== What is required ==
Print only the lines running from the line with "ae70743a27d Best shoes" to the final line below, both included, exactly as written and without the pictures.

== Data excerpt ==
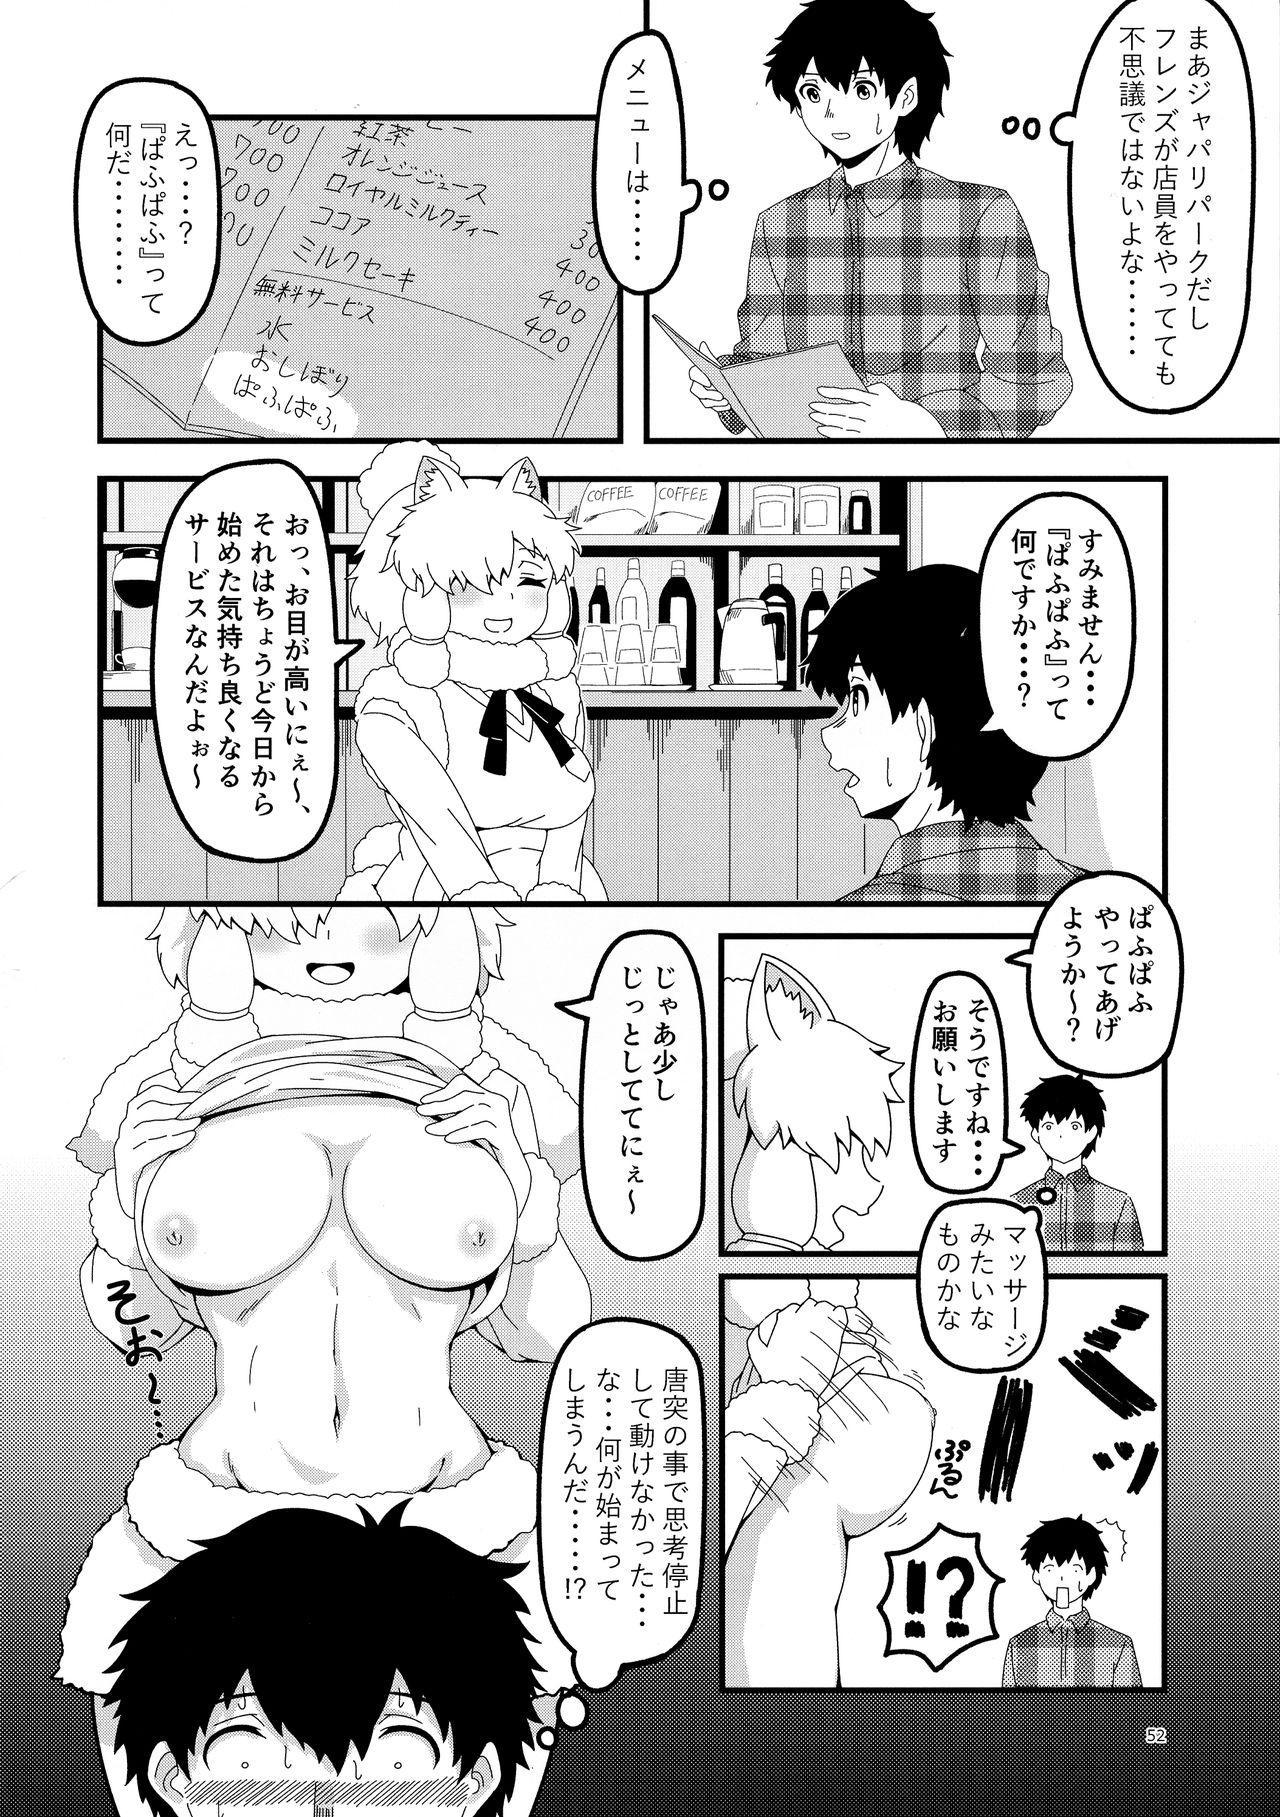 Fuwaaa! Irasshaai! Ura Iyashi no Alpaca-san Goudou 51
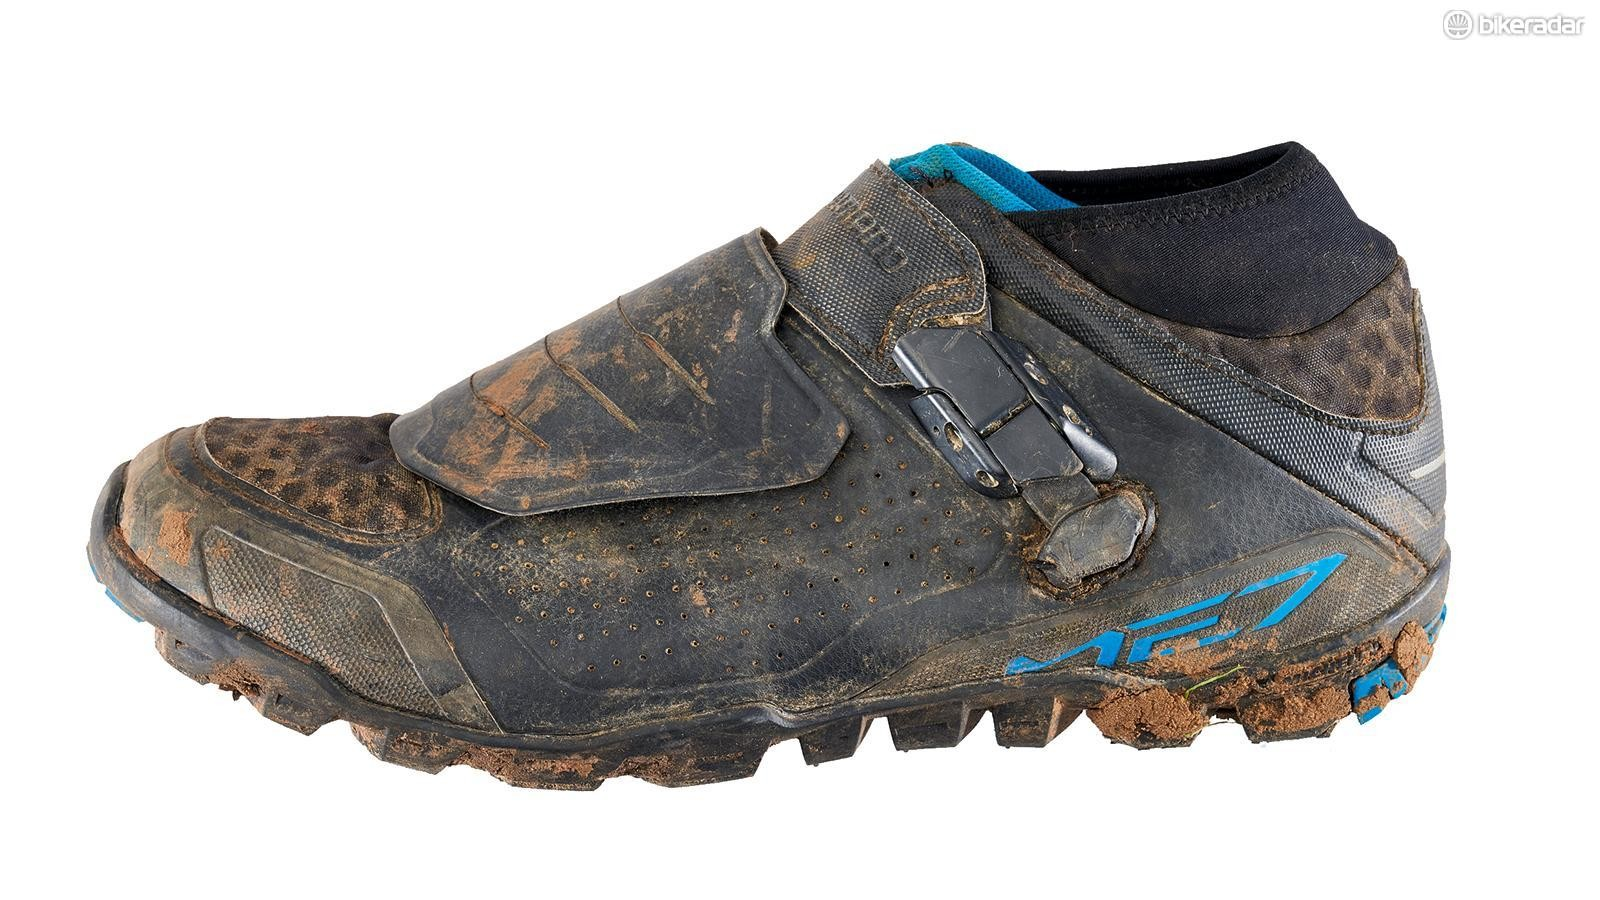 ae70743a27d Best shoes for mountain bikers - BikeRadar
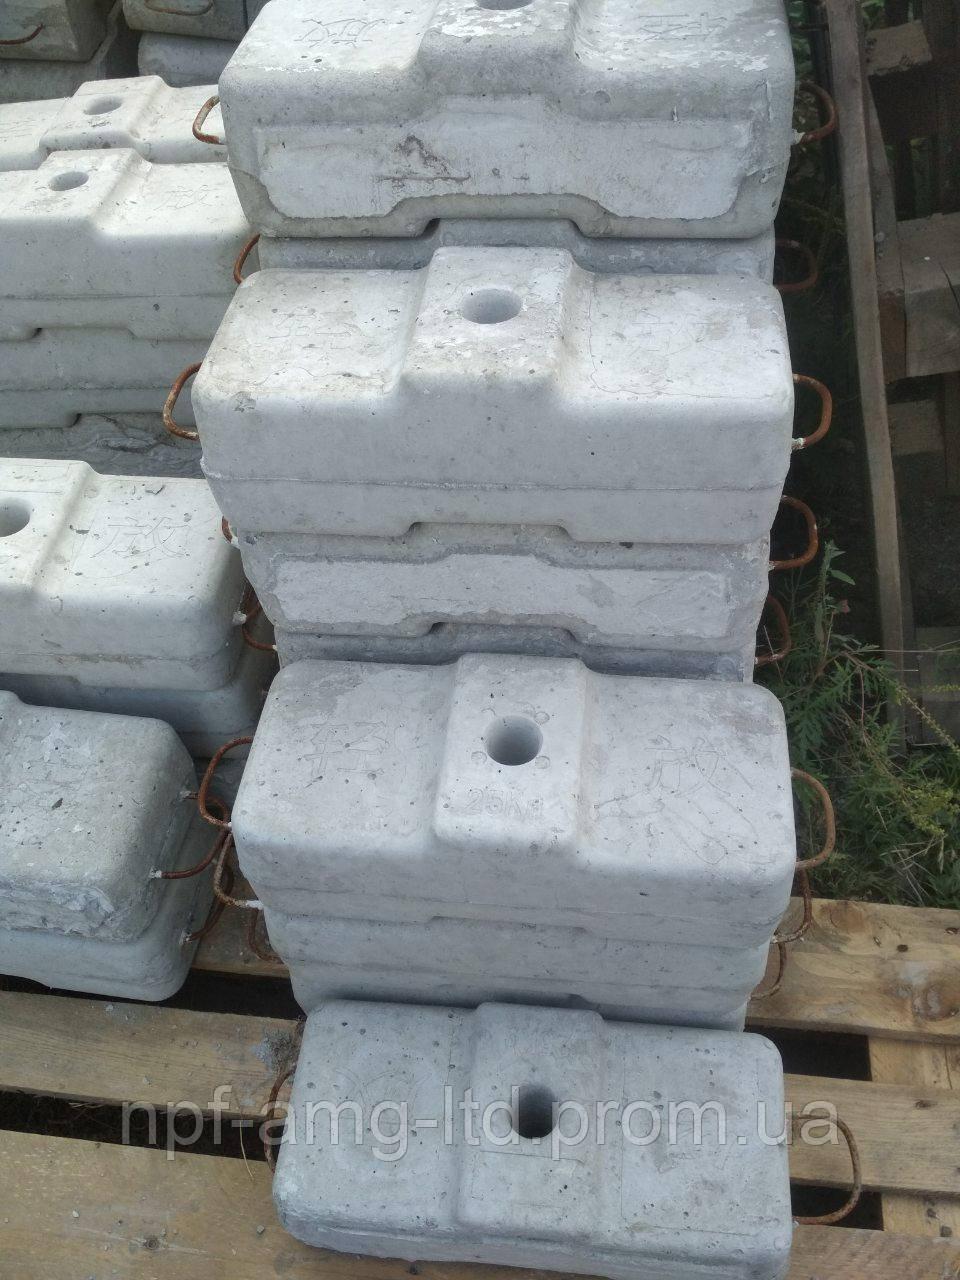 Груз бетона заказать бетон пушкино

== Answer box ==
 ae70743a27d Best shoes for mountain bikers - BikeRadar
 Груз бетона заказать бетон пушкино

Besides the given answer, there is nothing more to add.